** DATA TO PROCESS follows **
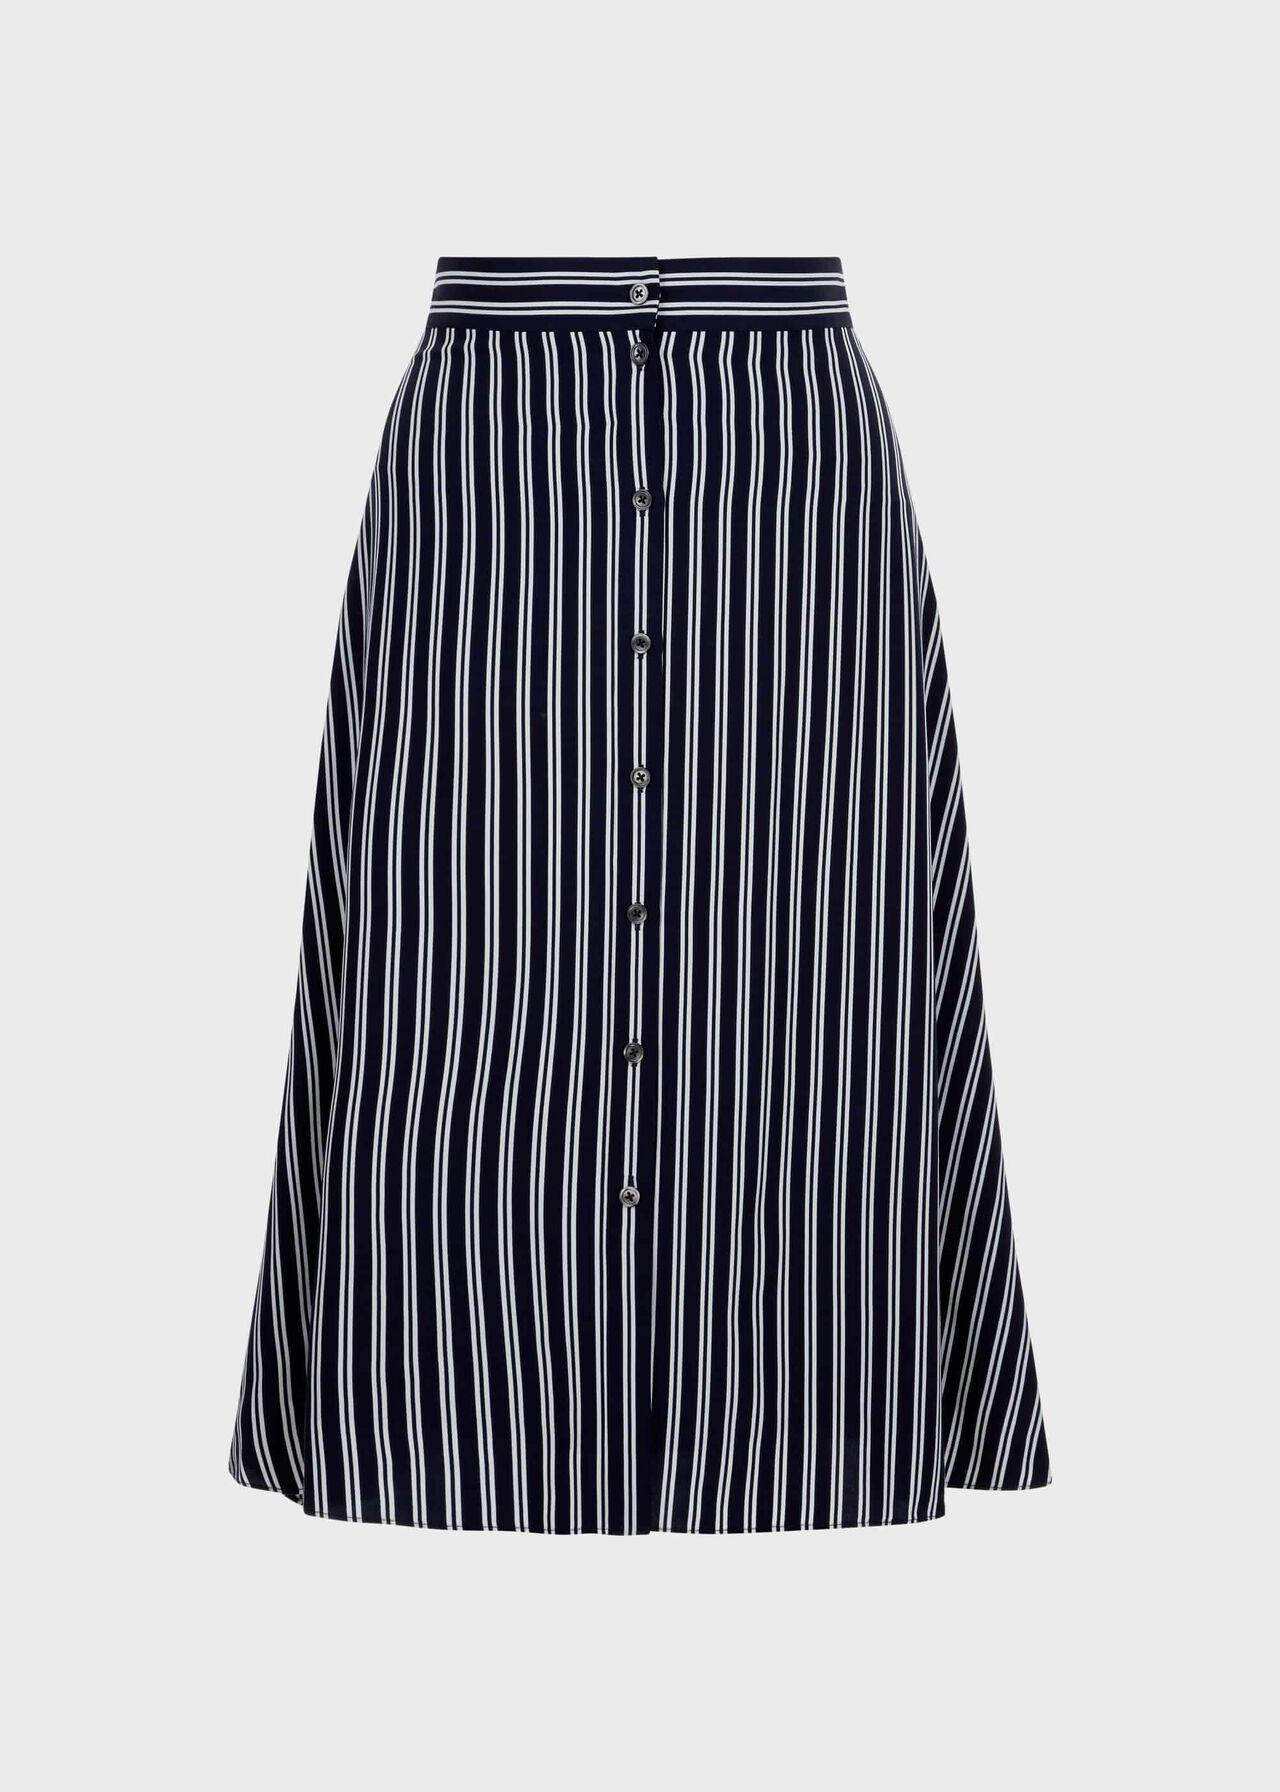 Monroe Stripe A Line Skirt Navy Ivory
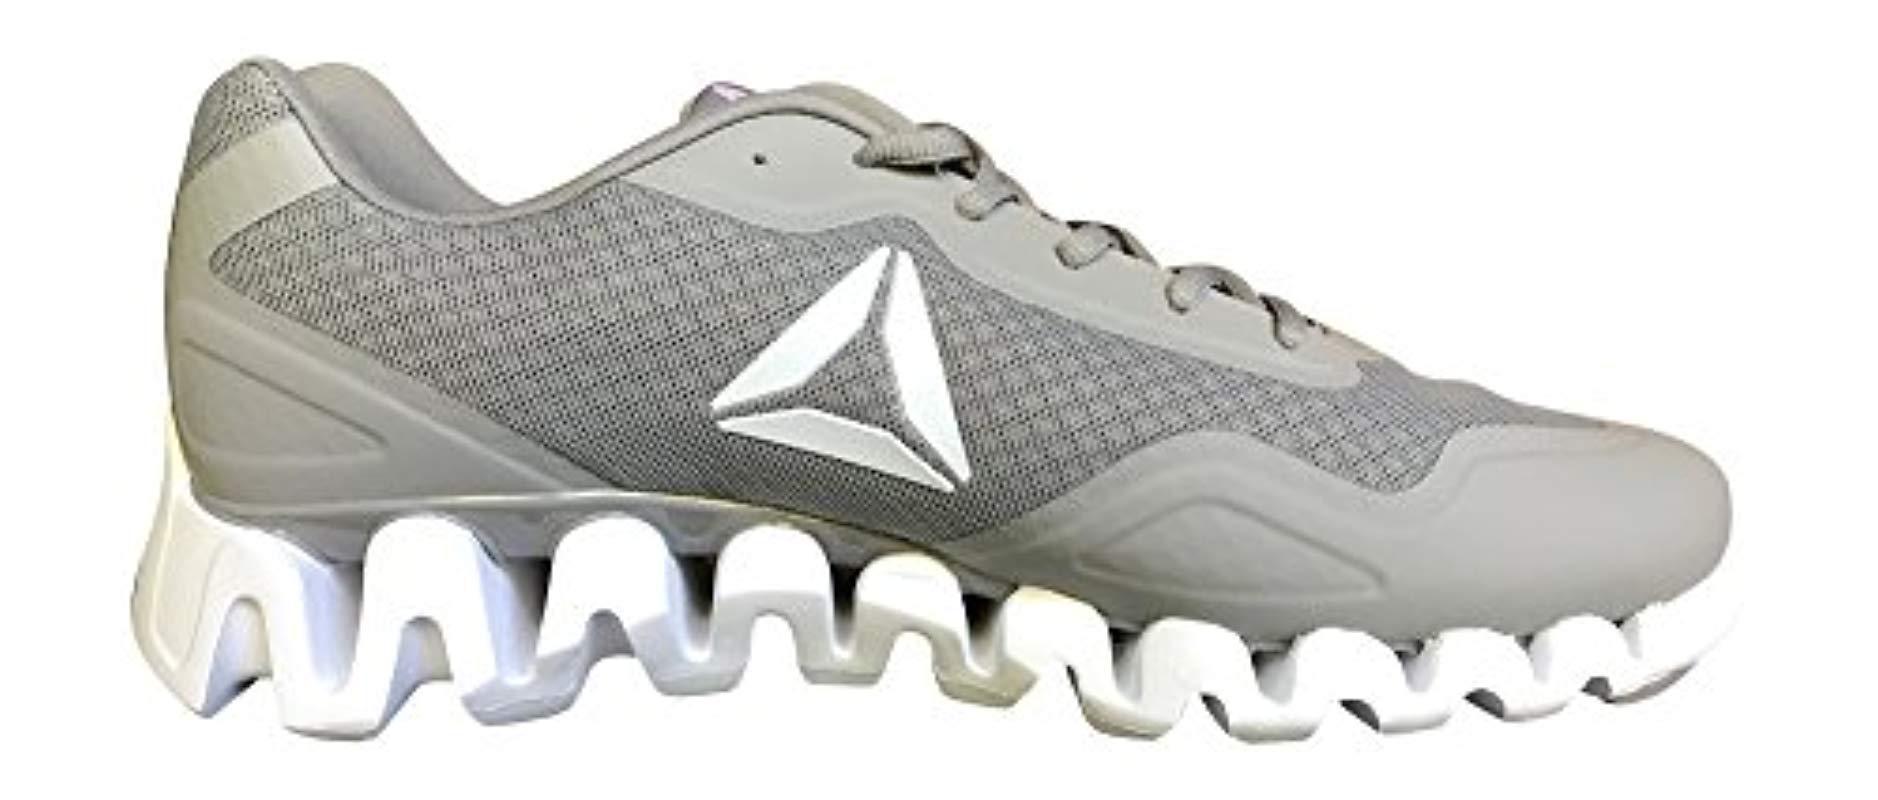 Reebok - Gray Zigpulse Running Shoe Carbon for Men - Lyst. View fullscreen 24cb063ec
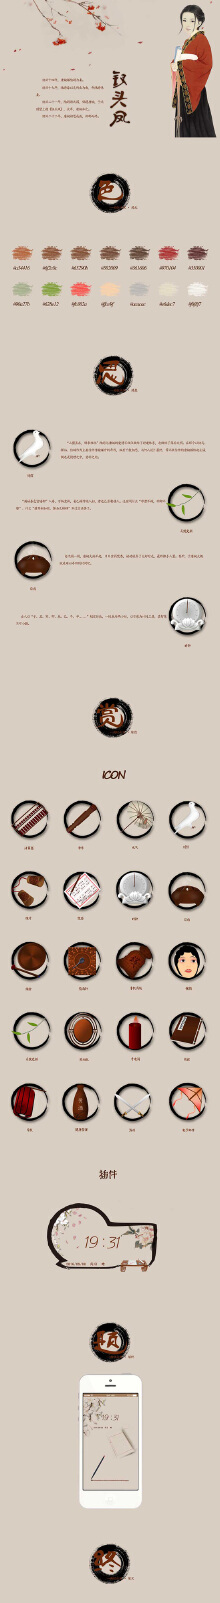 UI设计 -GUI展示
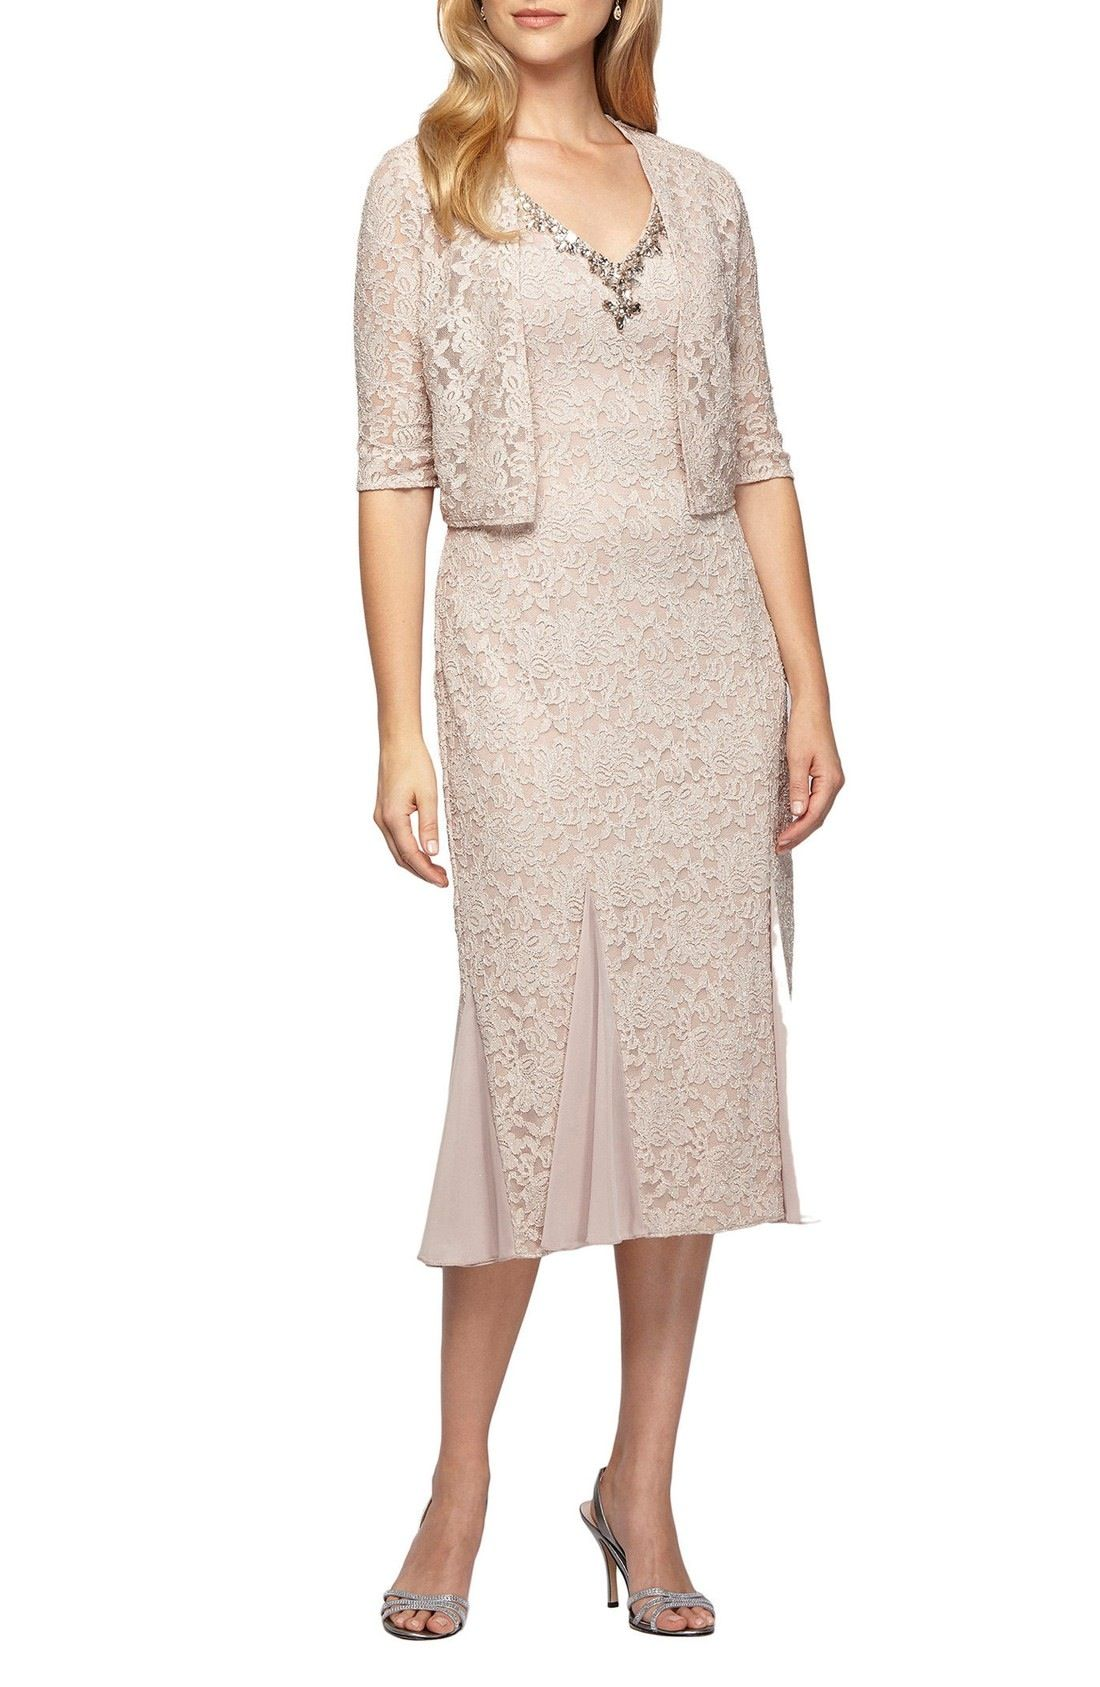 Nordstrom wedding dress  Alex Evenings Lace Tea Length Dress with Bolero Jacket available at
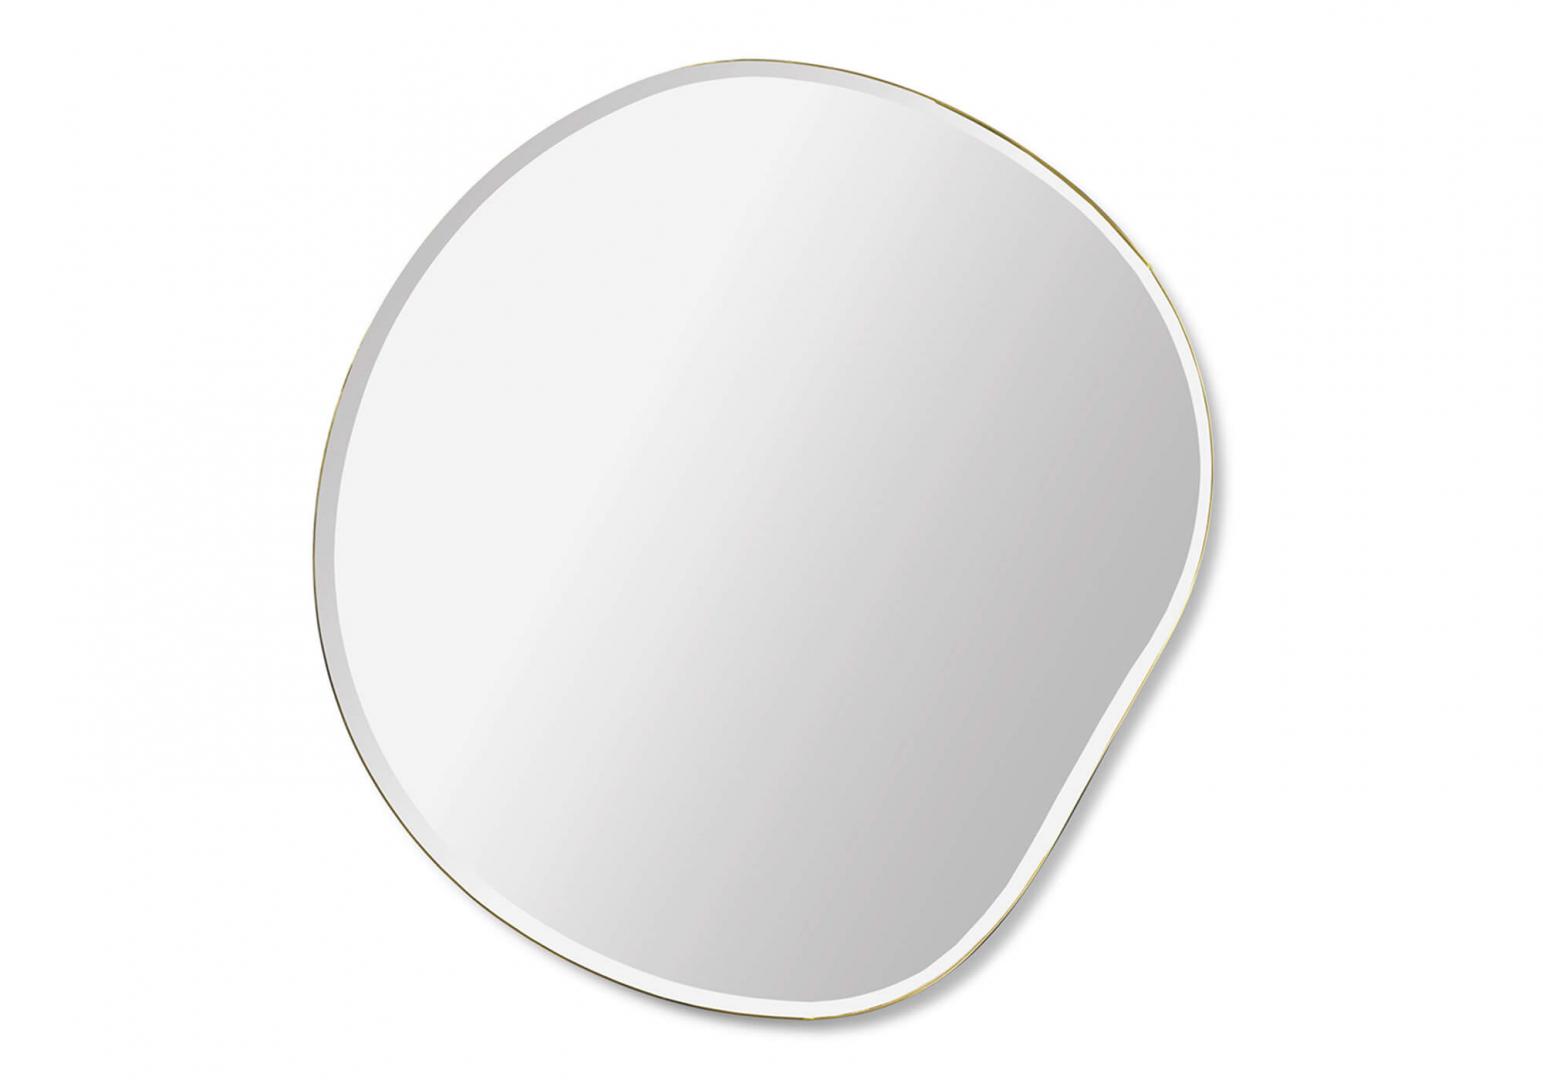 Petit miroir pond - FERM LIVING
** End of DATA TO PROCESS **
_DIRECTIONS FOR THIS TASK_
Repeat every entry exactly, but leave out the pictures.

_THE COMPLETED TASK_
 Monroe Stripe A Line Skirt Navy Ivory
 Reebok - Gray Zigpulse Running Shoe Carbon for Men - Lyst. View fullscreen 24cb063ec
 UI设计 -GUI展示
 Nordstrom wedding dress  Alex Evenings Lace Tea Length Dress with Bolero Jacket available at
 Petit miroir pond - FERM LIVING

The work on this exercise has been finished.